**Data block:**
━━━━━━━━━━━━━━━━━━━━━━━━━━━━━━

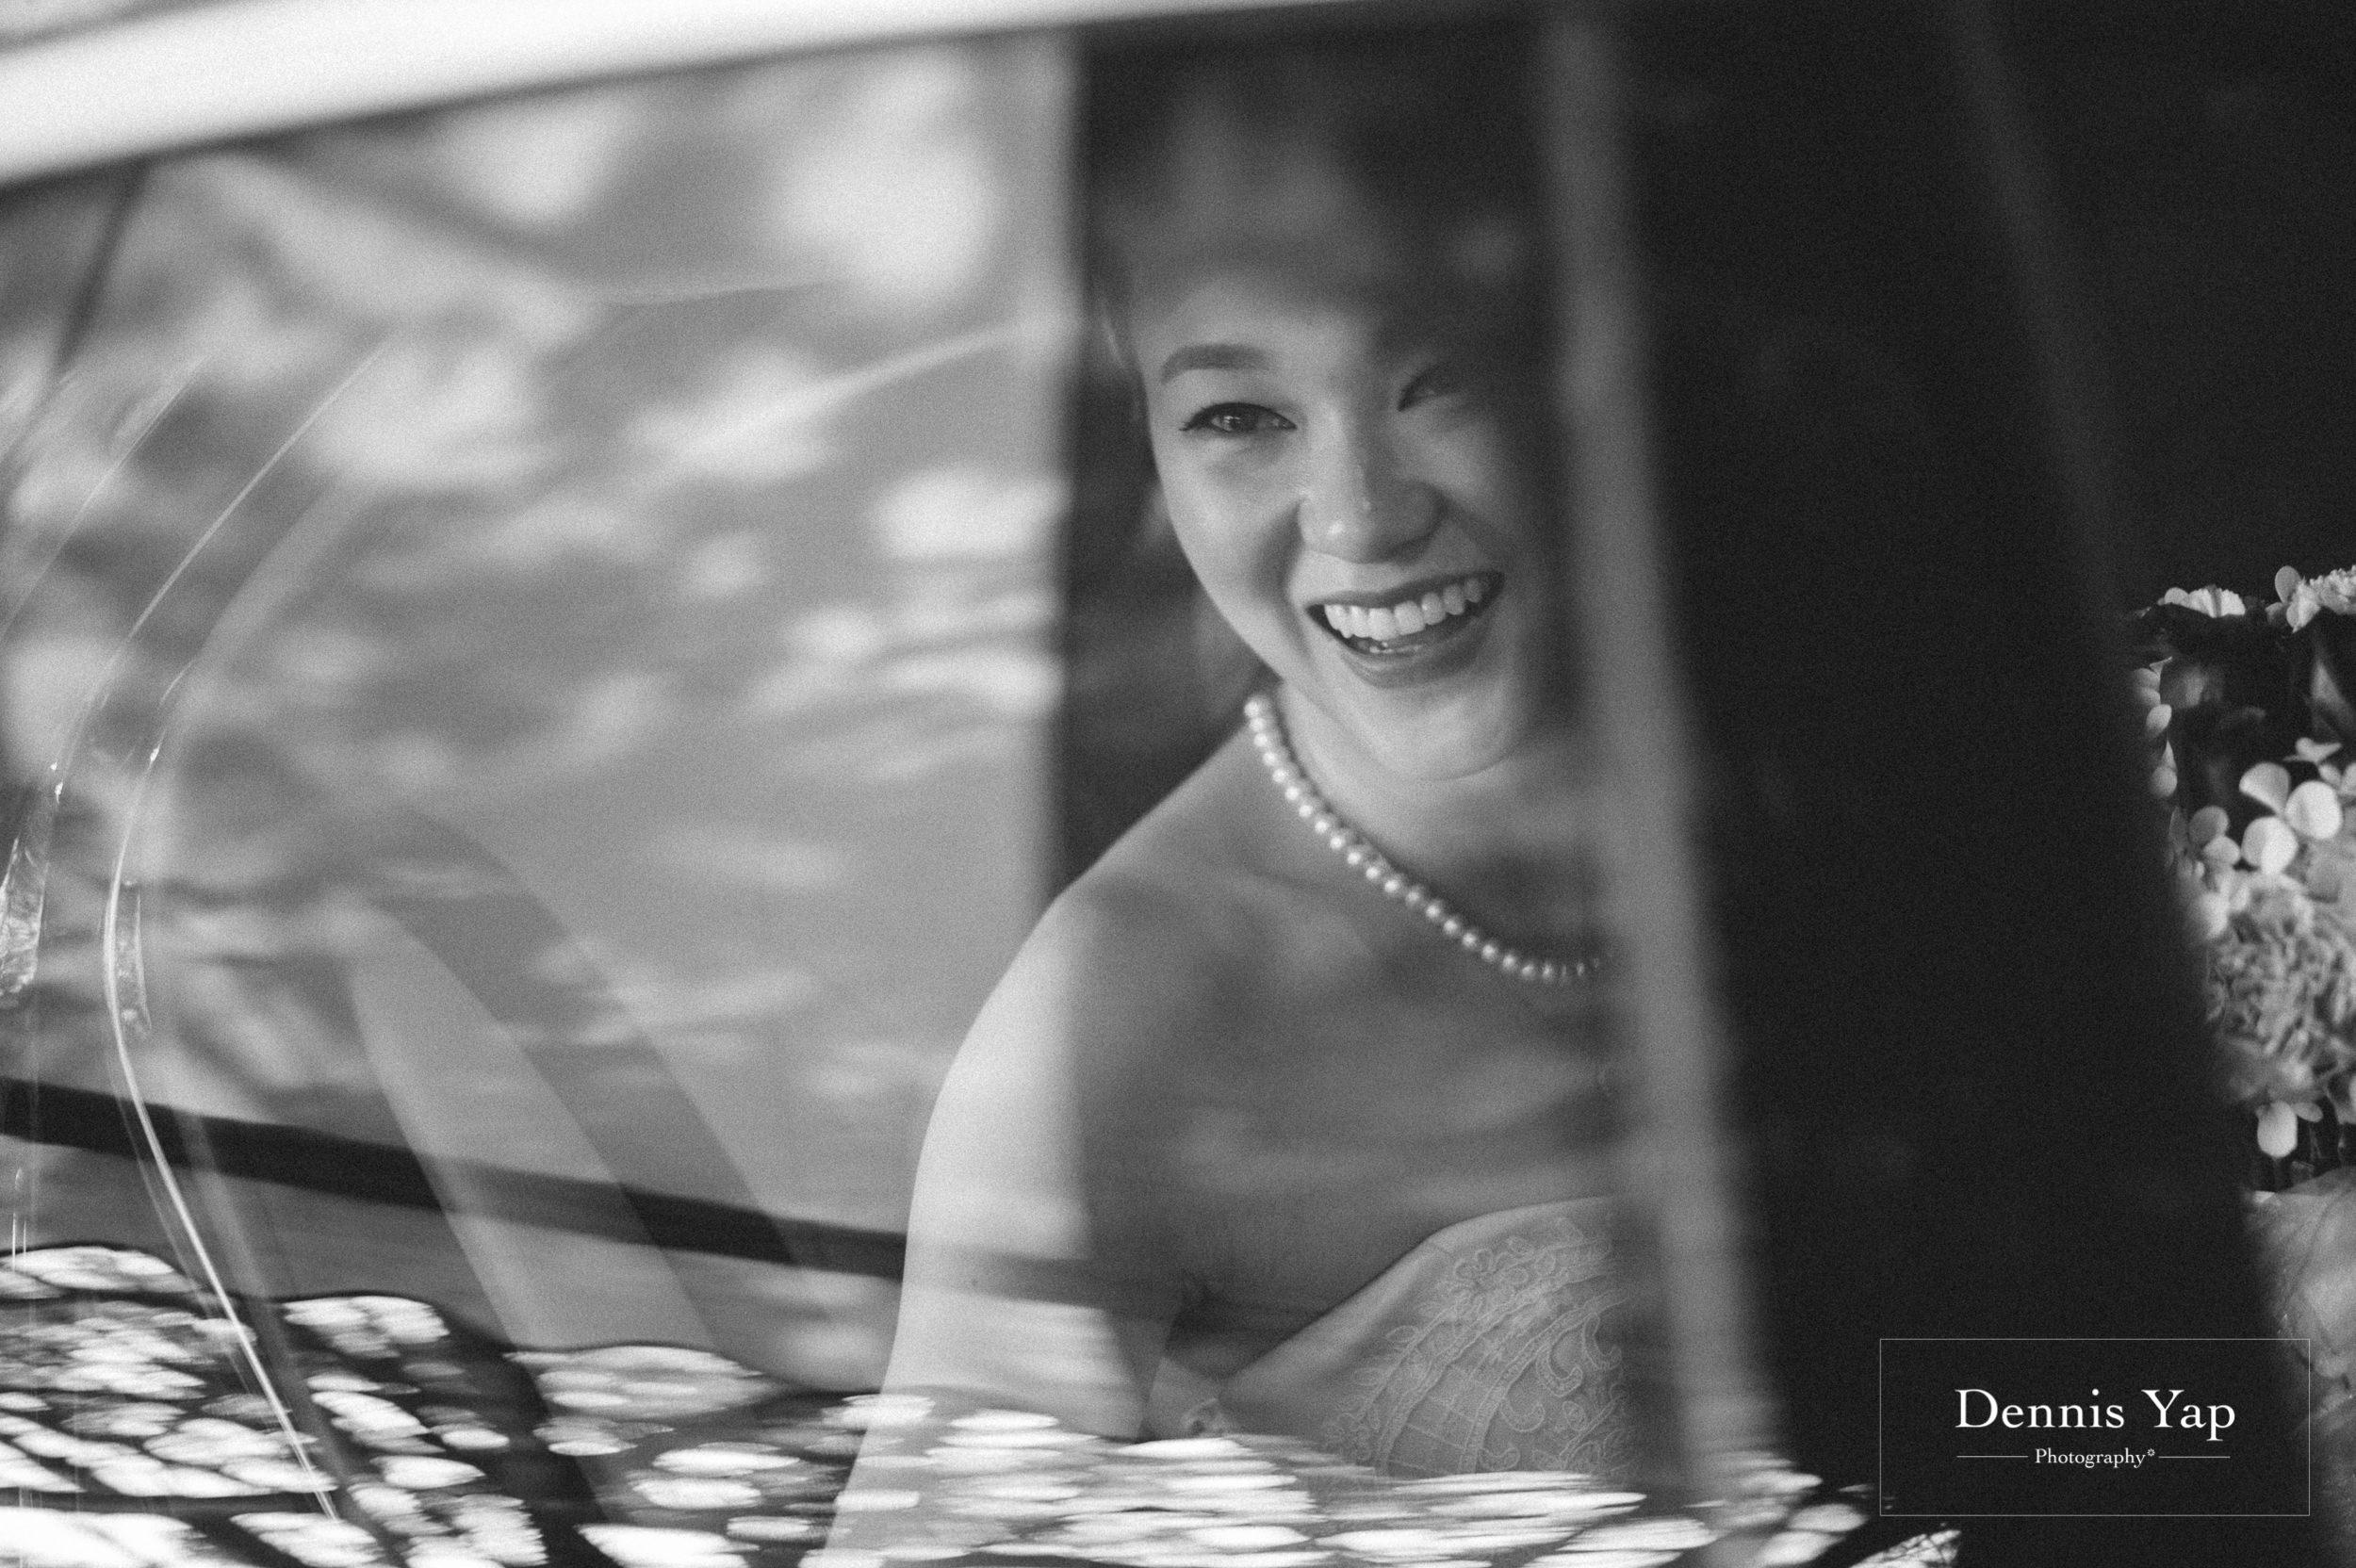 ethan juli wedding day gate crash wedding party dennis yap photography colors-31.jpg
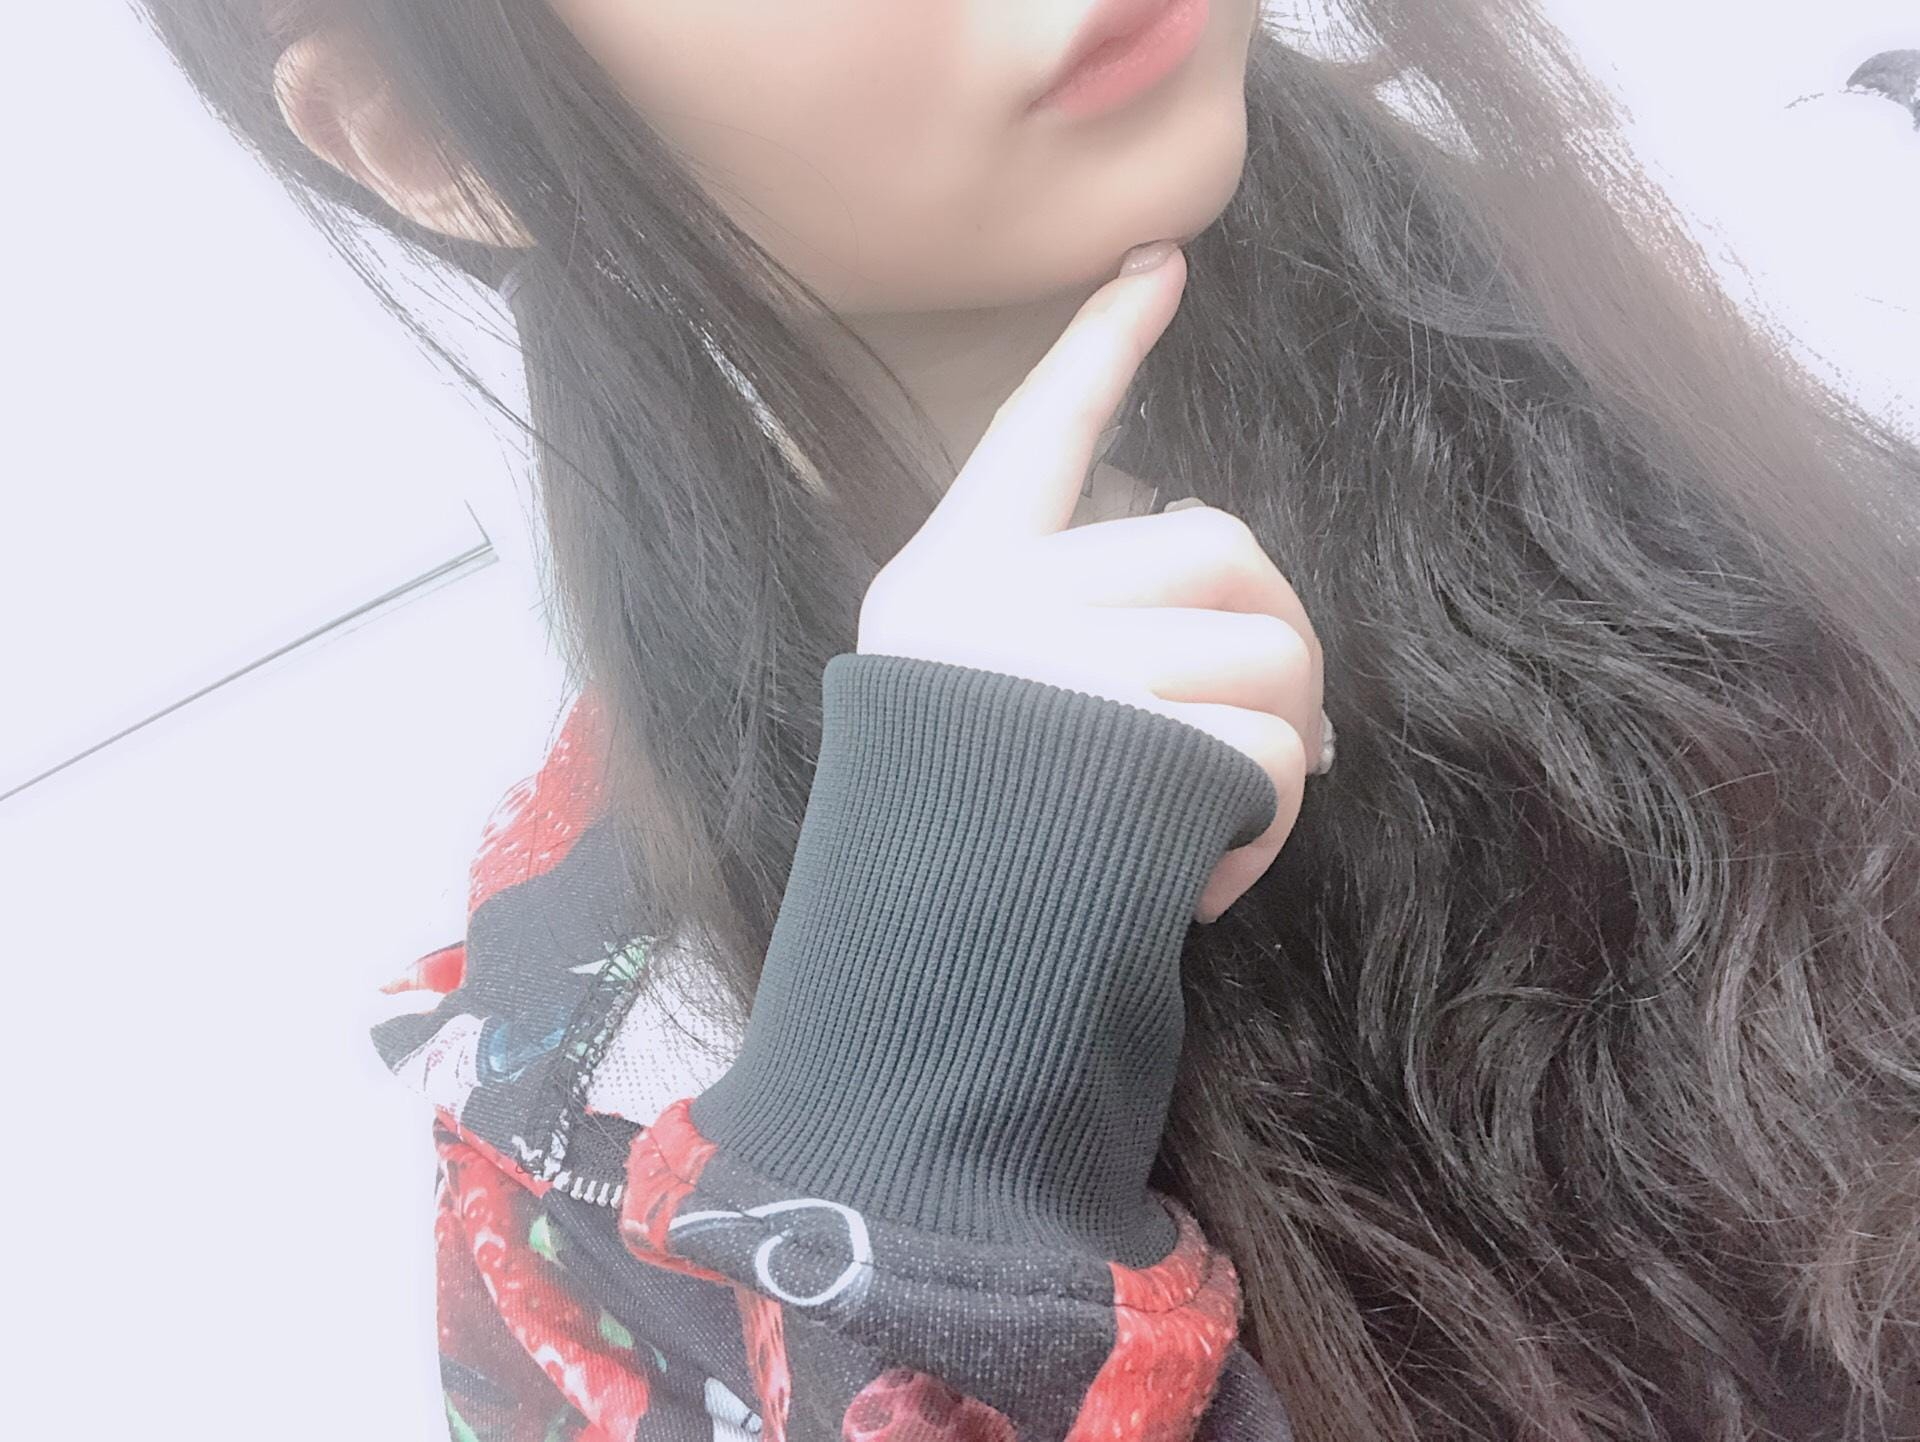 「Re: 雨☔」10/15(月) 19:55 | さなの写メ・風俗動画
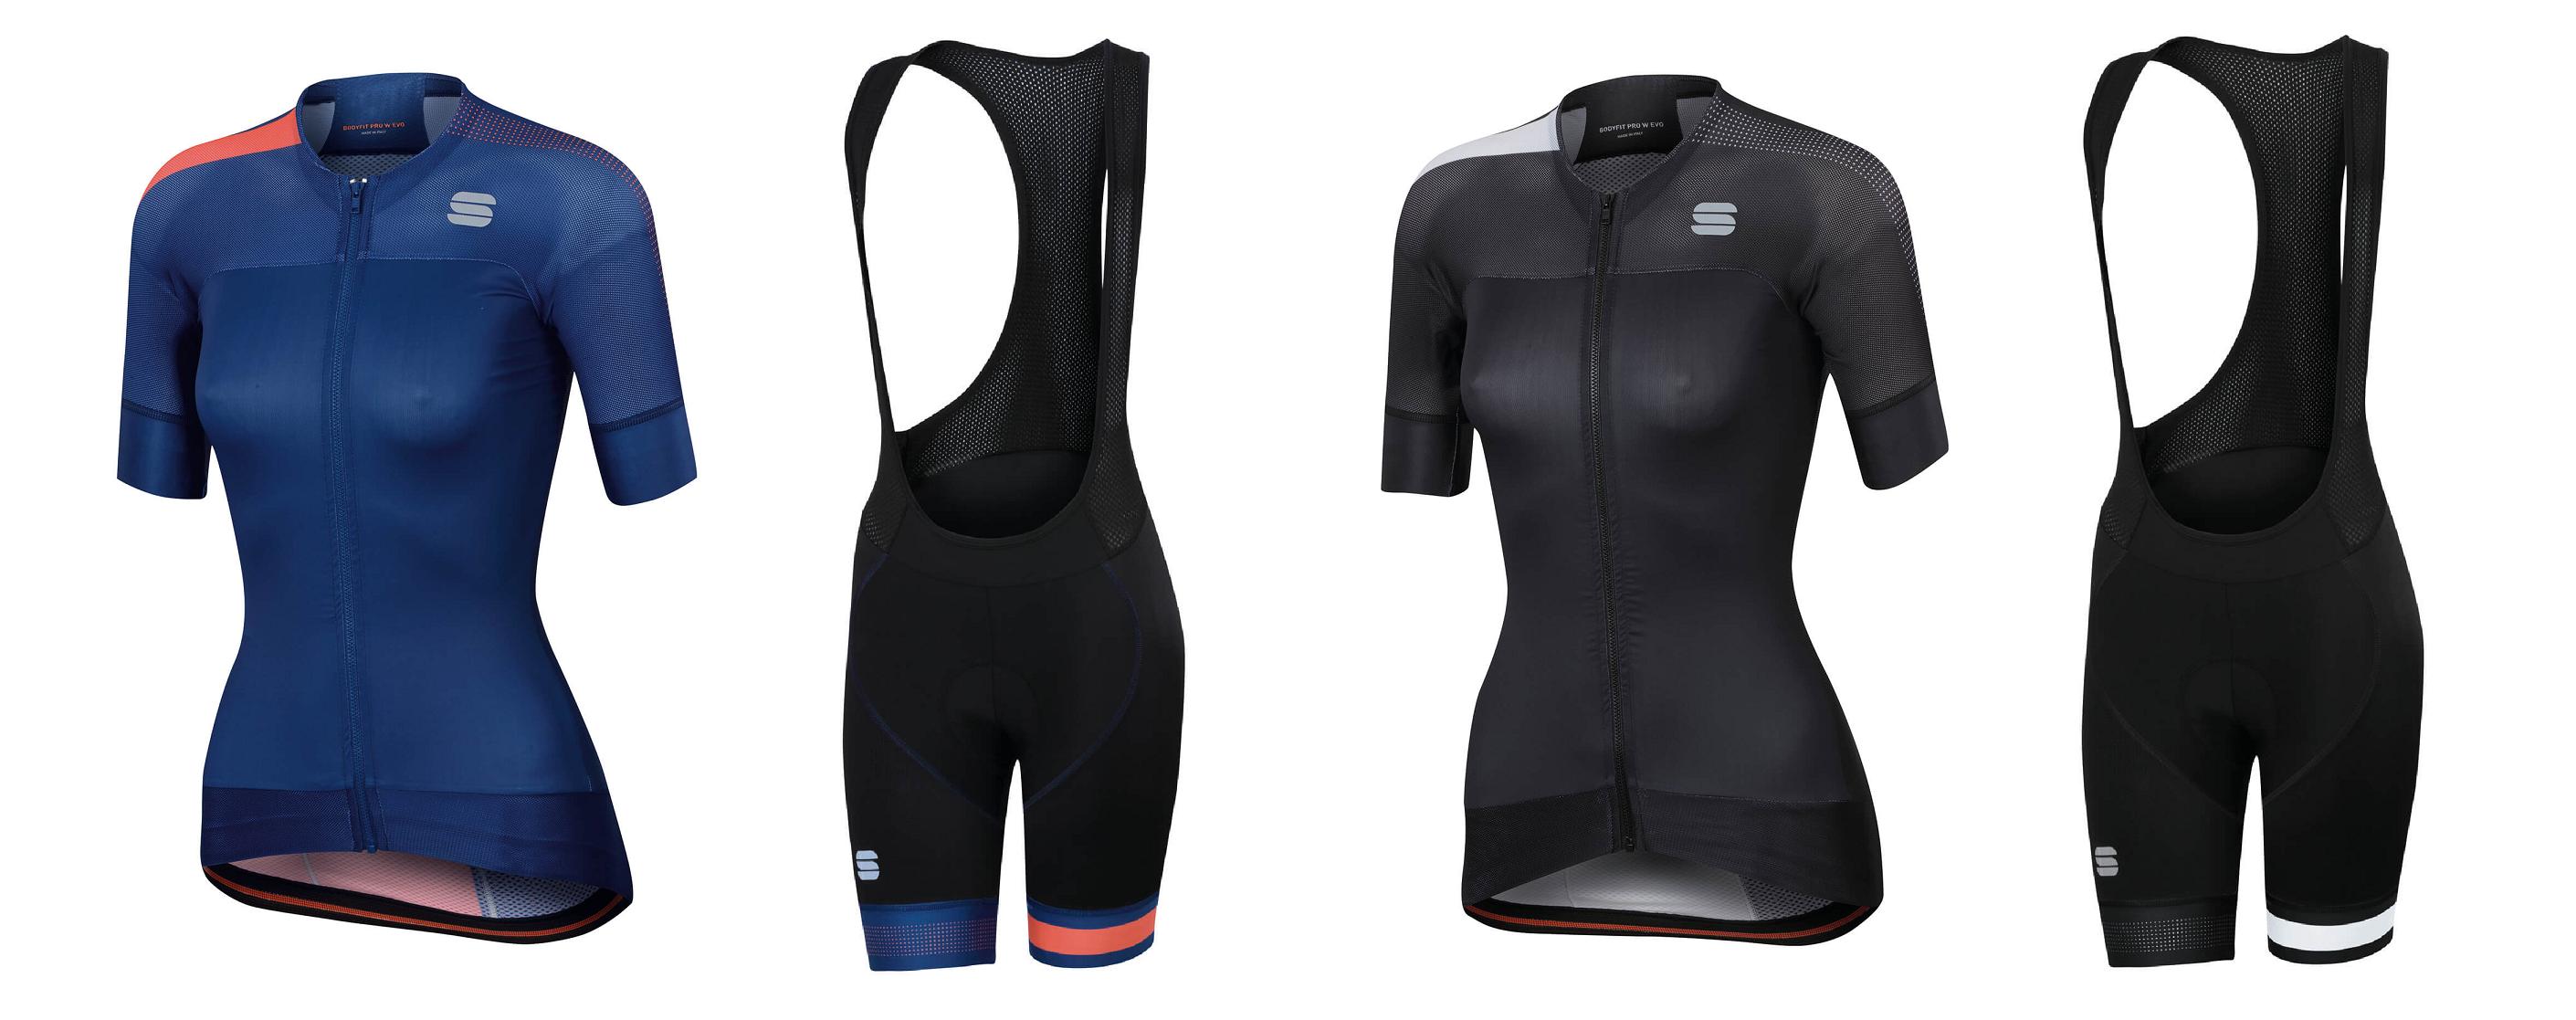 the women's bodyfit pro jersey and short bundle

━━━━━━━━━━━━━━━━━━━━━━━━━━━━━━

Retype all of the listing above exactly, but keep its pictures out.

**Result for this task:**
 ethan juli wedding day gate crash wedding party dennis yap photography colors-31.jpg
 「Re: 雨☔」10/15(月) 19:55 | さなの写メ・風俗動画
 the women's bodyfit pro jersey and short bundle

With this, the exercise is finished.